Given data ::
########################################

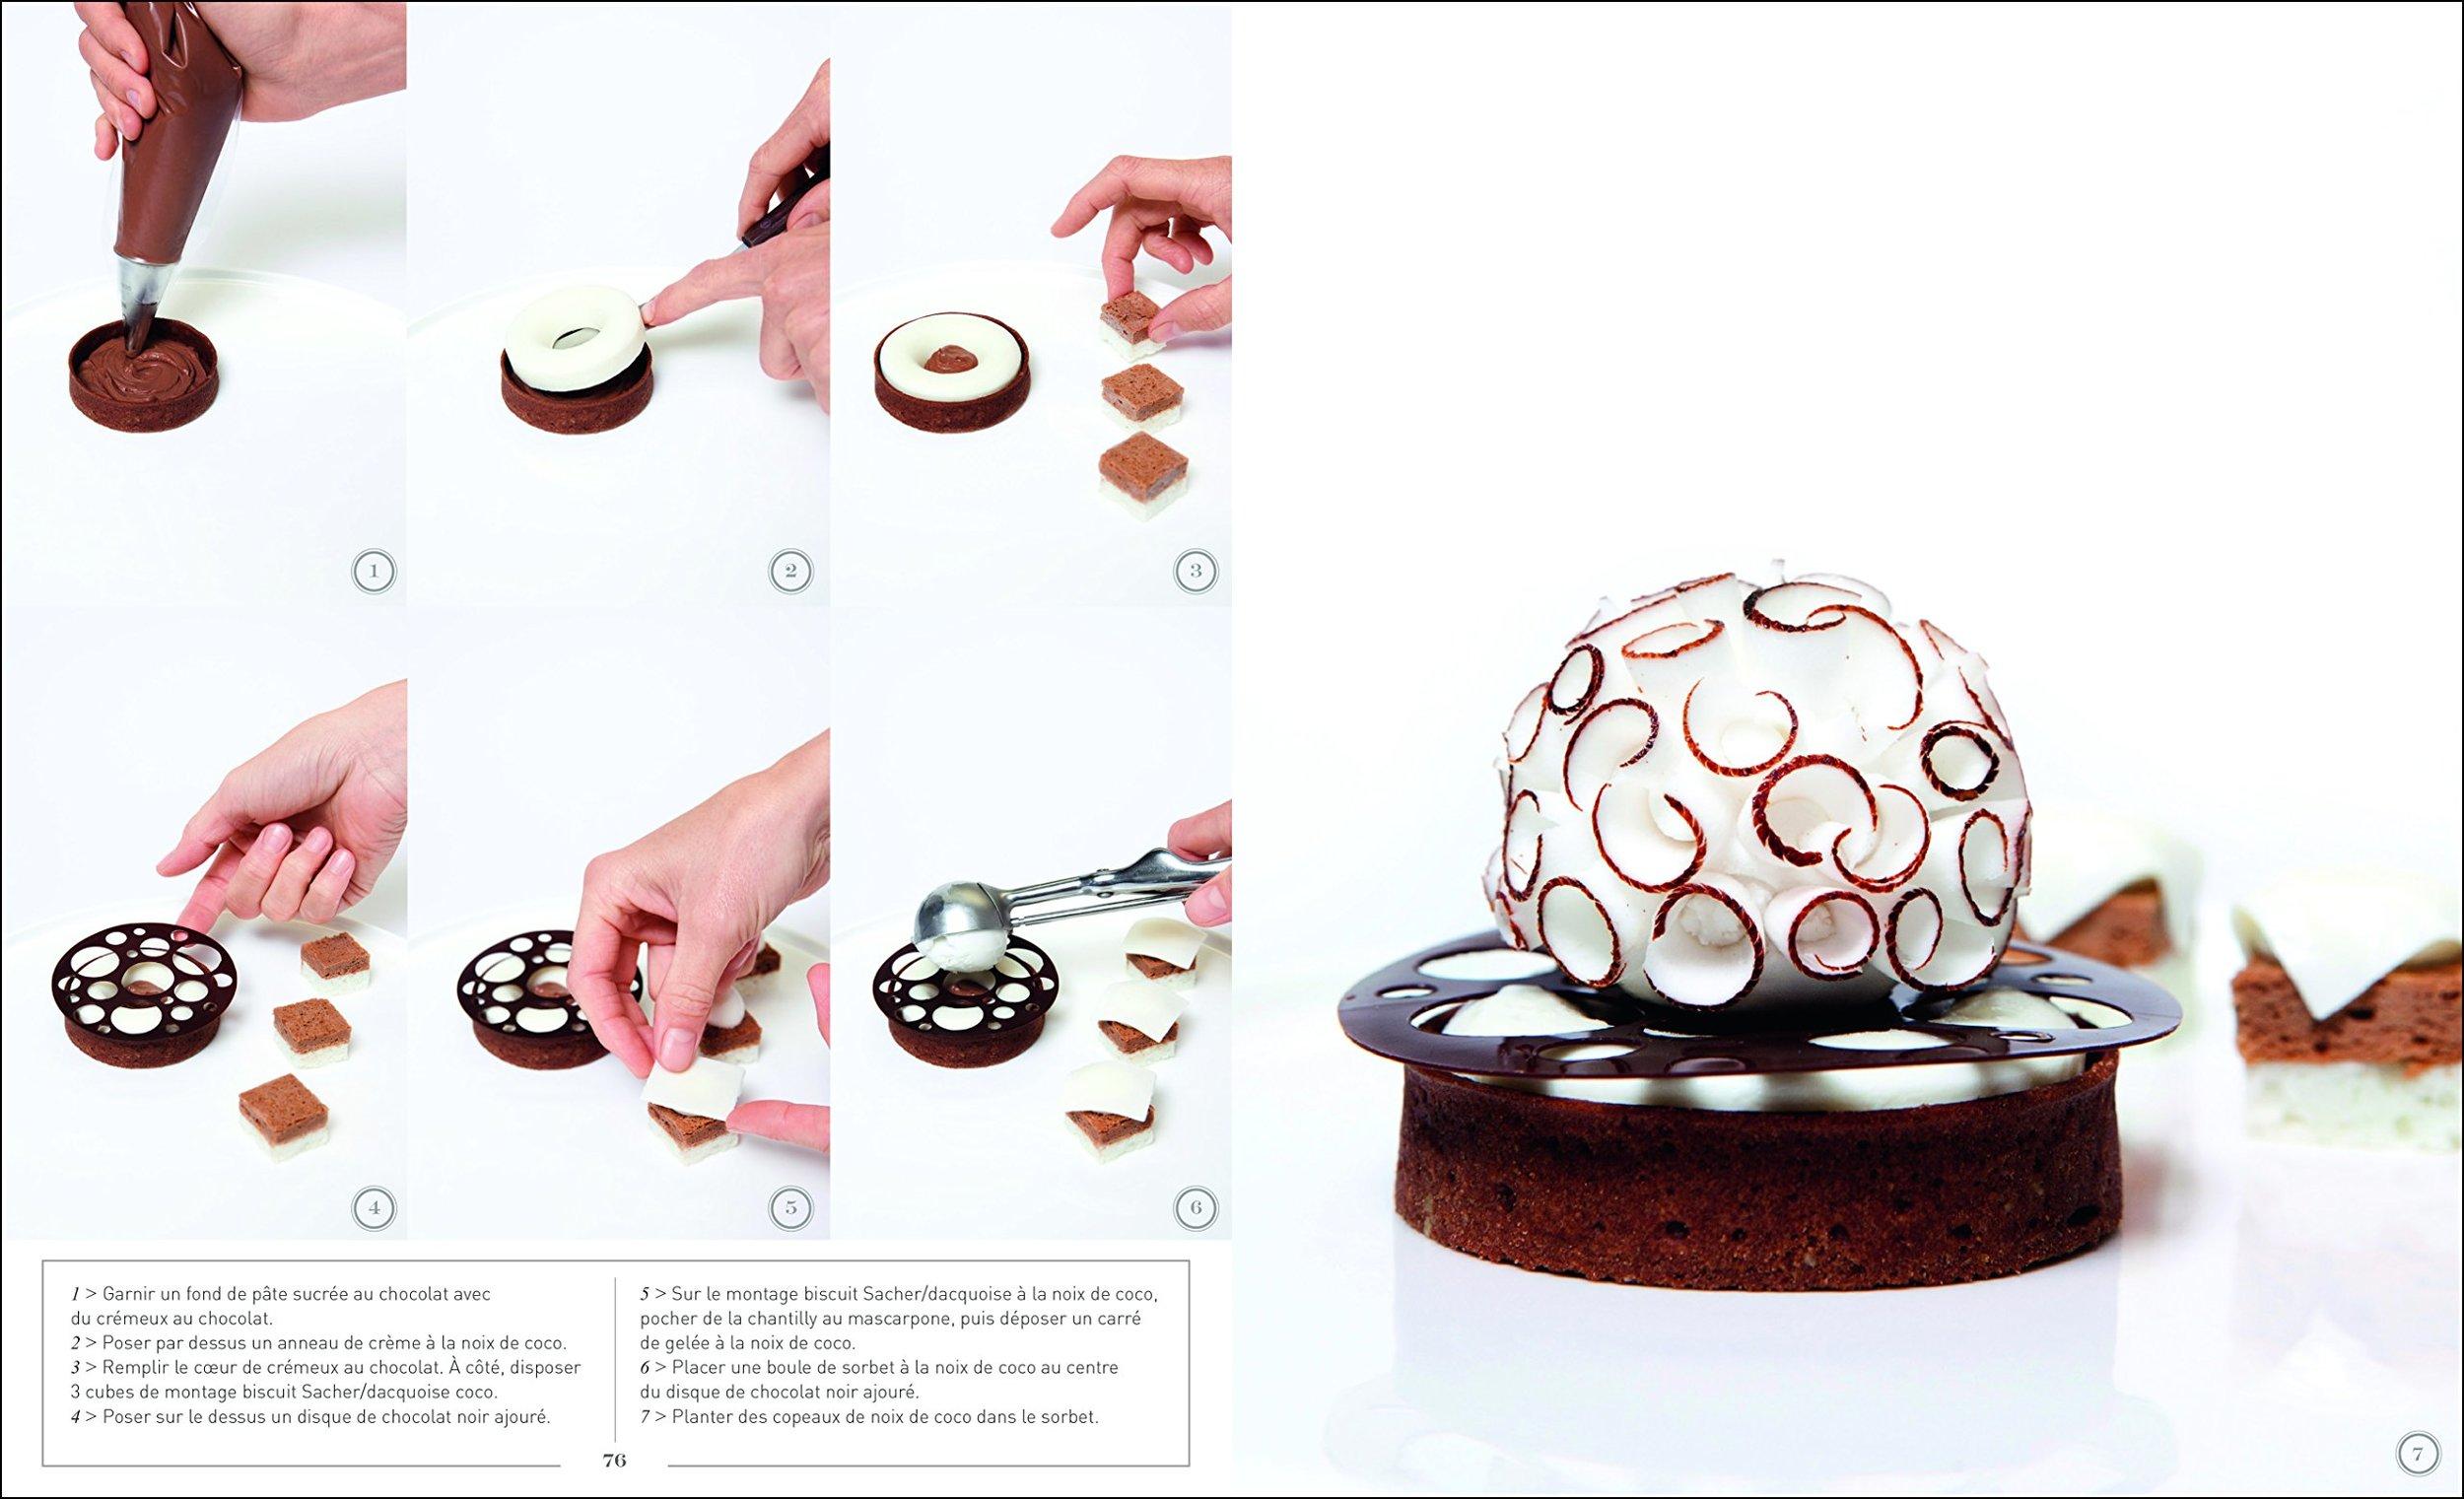 Claire Heitzler 細膩精準的的甜點設計與製作手法。 Photo| Amazon.fr
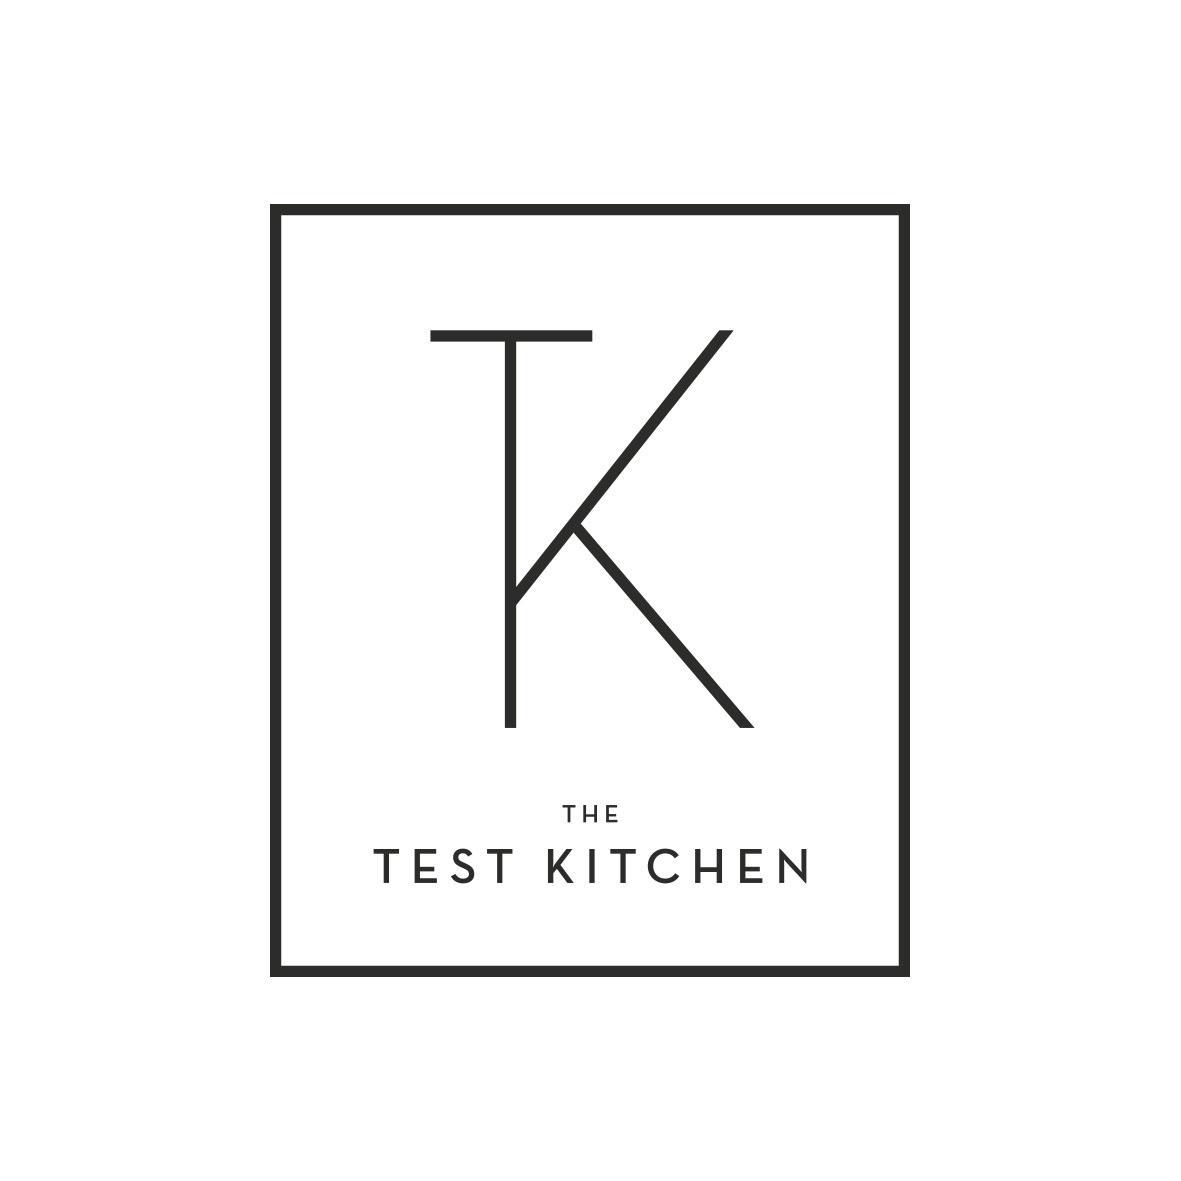 The Test Kitchen - London, London W1D 4SL - 020 7734 8487 | ShowMeLocal.com
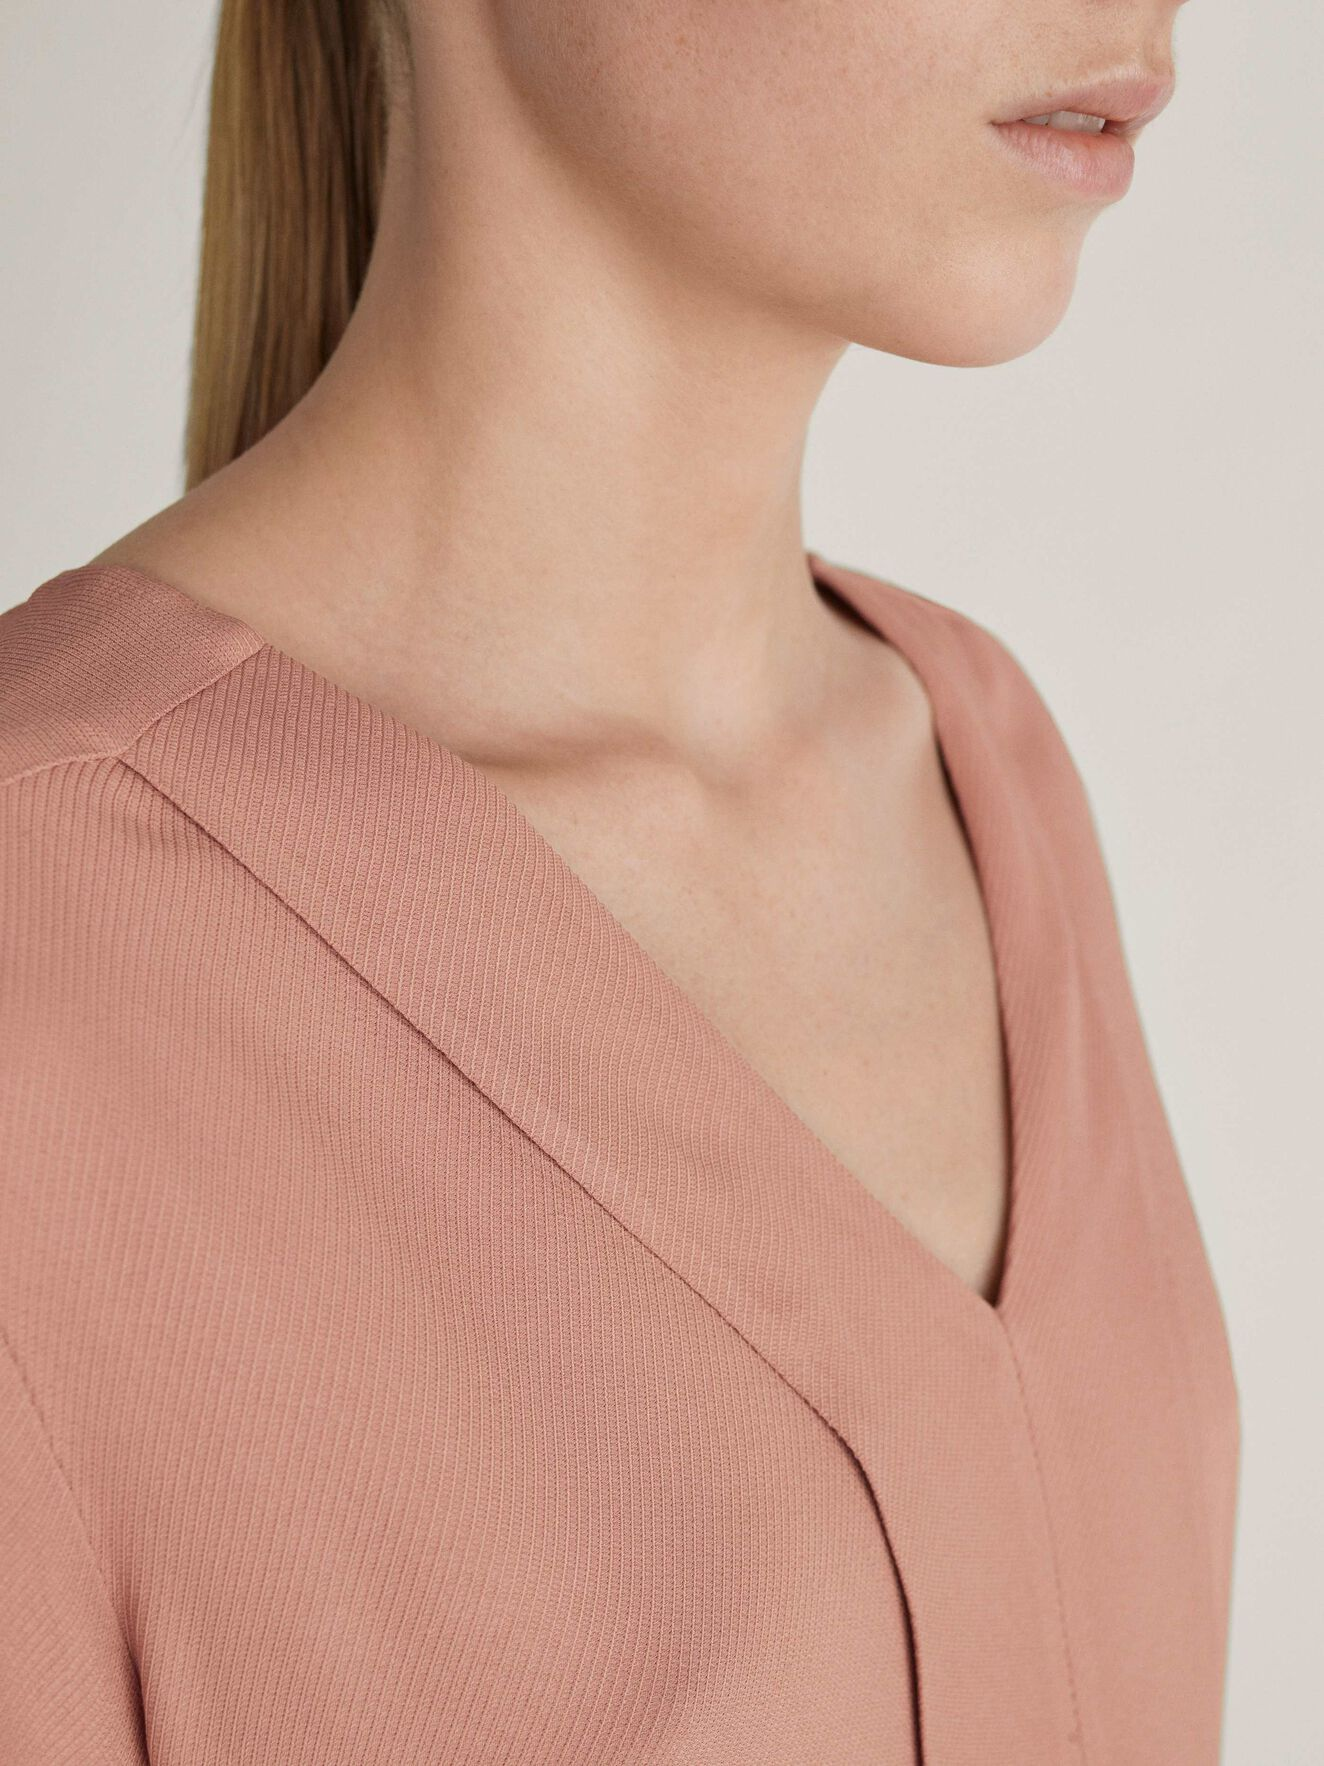 Meristem Top in Soft Blush from Tiger of Sweden

########################################

Exercise directions :: Leave every picture out, and reproduce exactly the lines from the line bearing "The Test Kitchen" through the closing line of the material above.

Solution below ::
 The Test Kitchen - London, London W1D 4SL - 020 7734 8487 | ShowMeLocal.com
 Meristem Top in Soft Blush from Tiger of Sweden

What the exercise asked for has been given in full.